CEOs should note that the millennial generation is 83-million strong and the largest generation ever produced. They outnumber baby boomers by nearly 10 million. Should they be concerned that this large demographic segment that is entering the nation’s workforce takes a dim view of the nation’s market-enterprise economic system?
A Washington Post analysis of a YouGov poll taken in January revealed that overall 52% of respondents expressed a favorable view of capitalism compared to 29% for socialism. Every demographic category expressed a similar preference to some degree. Not a ringing endorsement perhaps, but a clear majority. There were just two exceptions. Democrats rated socialism and capitalism favorably in equal measure (about 42%). People younger than 30 were the only group that rated socialism more favorably (43% vs. 32% for capitalism).
Millennials live and thrive in a heavily consumer-oriented, hand-held, high-tech economy. They have access to worldly goods and creature comforts that would have dazzled a plutocrat only three decades ago. According to a UN report, the number of people living in poverty in the world compared to 20 years ago has fallen by half. In 1990, 43% of the world lived in extreme poverty. Today that figure is 22%. If by most objective measures conditions have greatly improved, why do millennials embrace a philosophy that their elders have consigned to the dustbin of history?
Perhaps it’s because younger people simply don’t know that socialism means the government owning or controlling everybody’s businesses. They don’t understand that socialism means the government owns the banks, the car companies, Uber, Apple, Facebook, or Amazon. If put in those terms, many back off, saying they don’t want the government taking a managerial role over the economy, let alone nationalizing private enterprise.
In fact, a 2010 CBS/New York Times survey found that when Americans were asked to use terms like socialism, only 16% of millennials were able to define it accurately. Older Americans had a better sense of what the term means. Also, unlike older Americans, millennials did not grow up during the Cold War in which America’s adversary was a socialist-totalitarian regime like the Soviet Union.

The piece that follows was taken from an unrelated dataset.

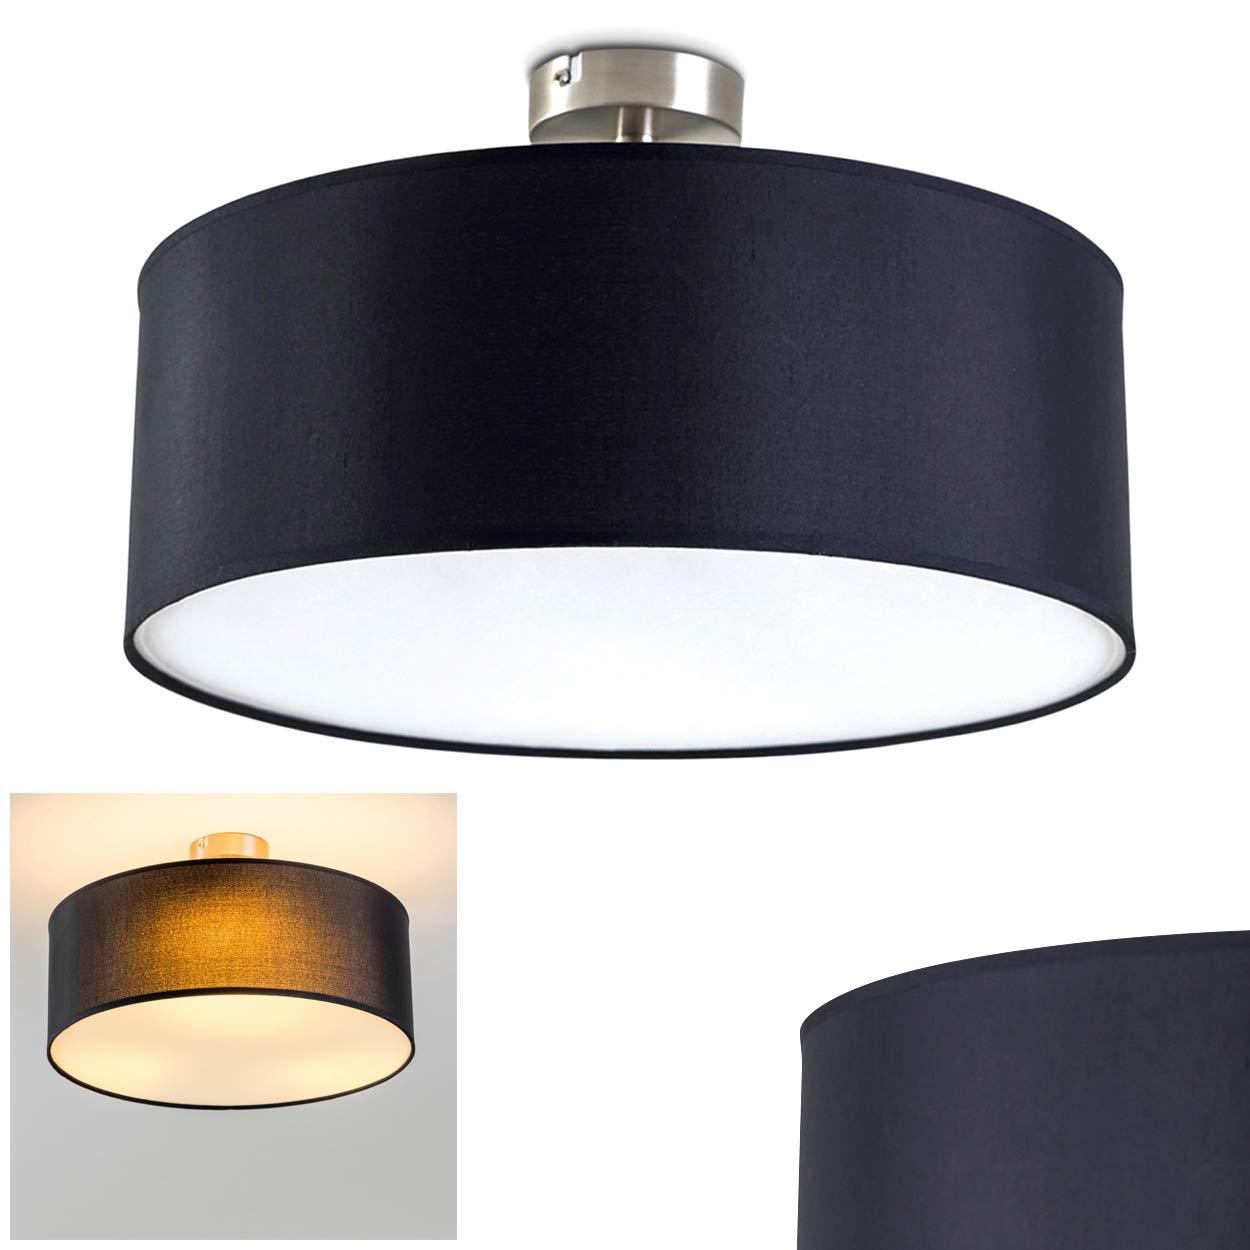 Noir  Plafonnier Foggia avec grand abat-jour en tissu noir de 40 cm de diamètre pour 3 ampoules E27 max 40 Watt, compatible ampoules LED
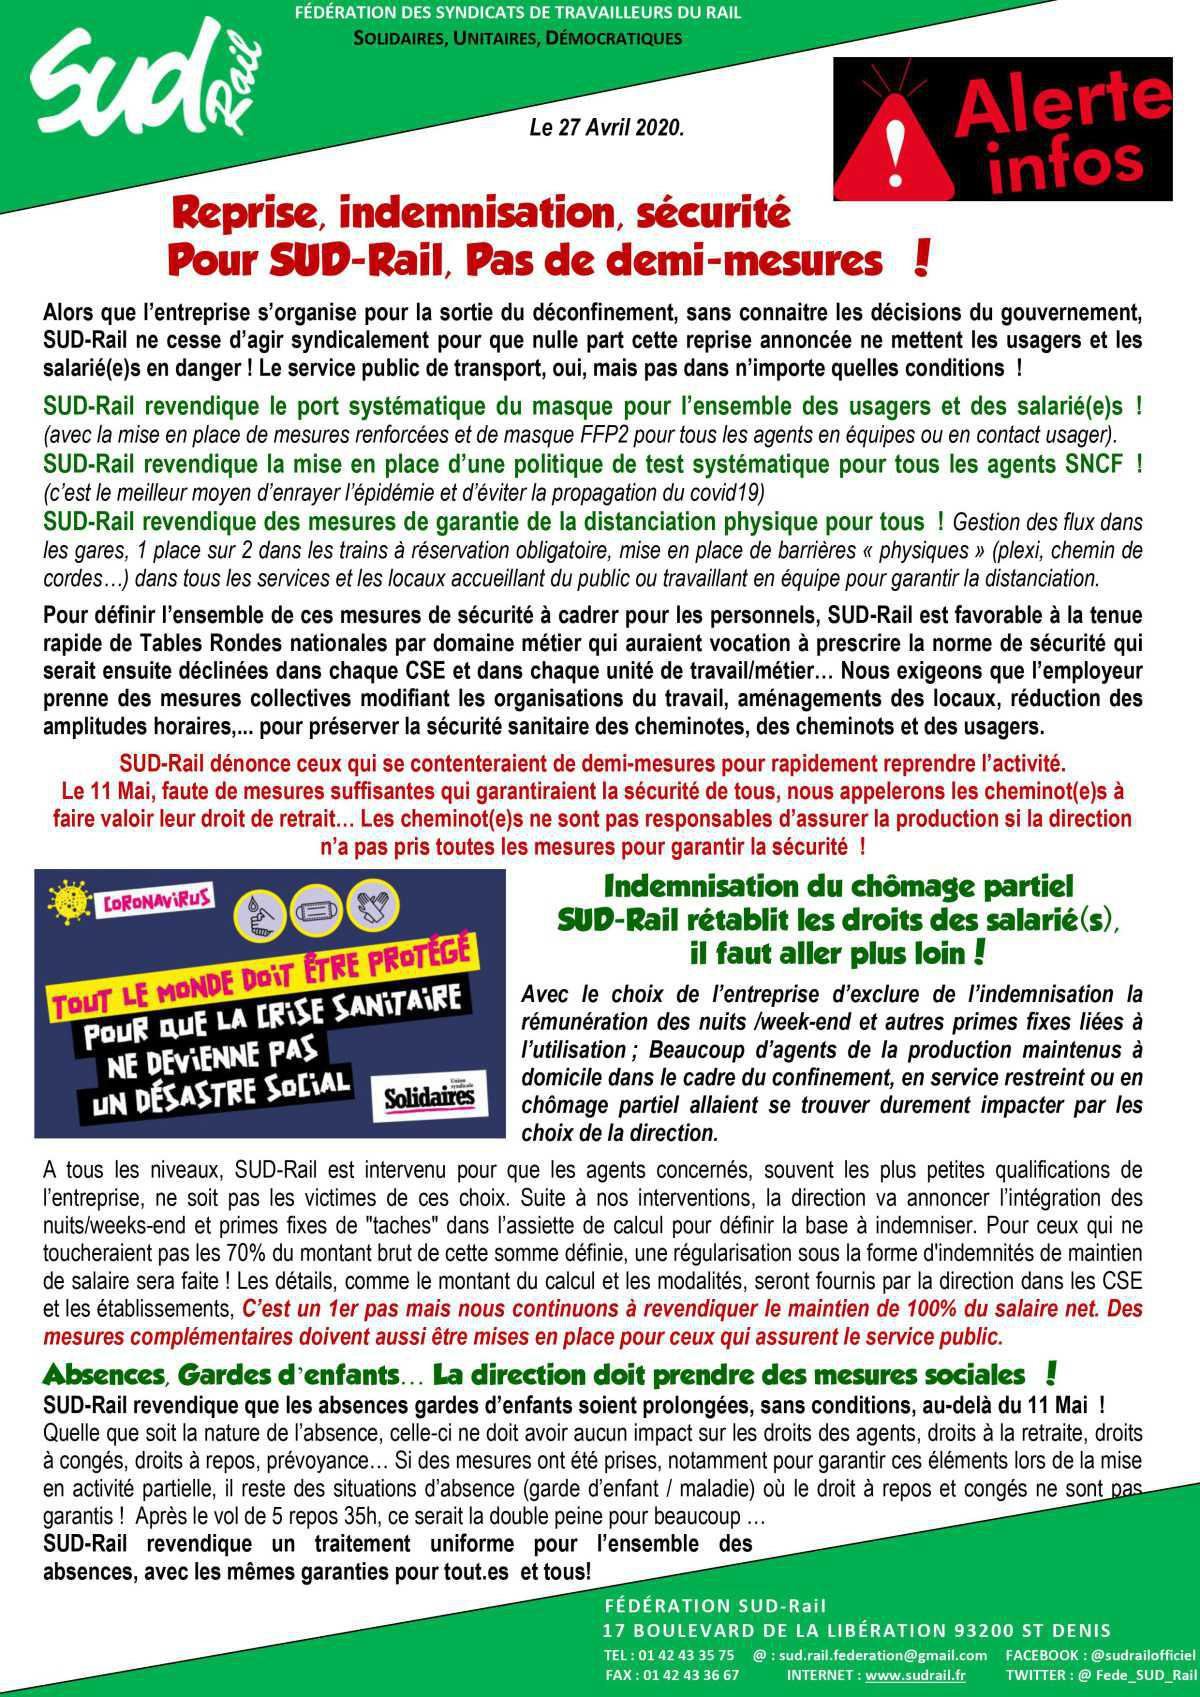 Reprise, indemnisation, sécurité. Pour SUD Rail, Pas de demi-mesures !

It will not surprise business leaders that college campuses are incubators of favorable views of socialism among this generation. A 2014 Reason-Rupe survey shows evidence that support for socialism and a government-managed economy rises when millennials attend college and then recedes after they graduate. It may be a cliché that the benefits of a market-based economic system outweigh the drawbacks. But it’s a cliché that bears repeating from time to time.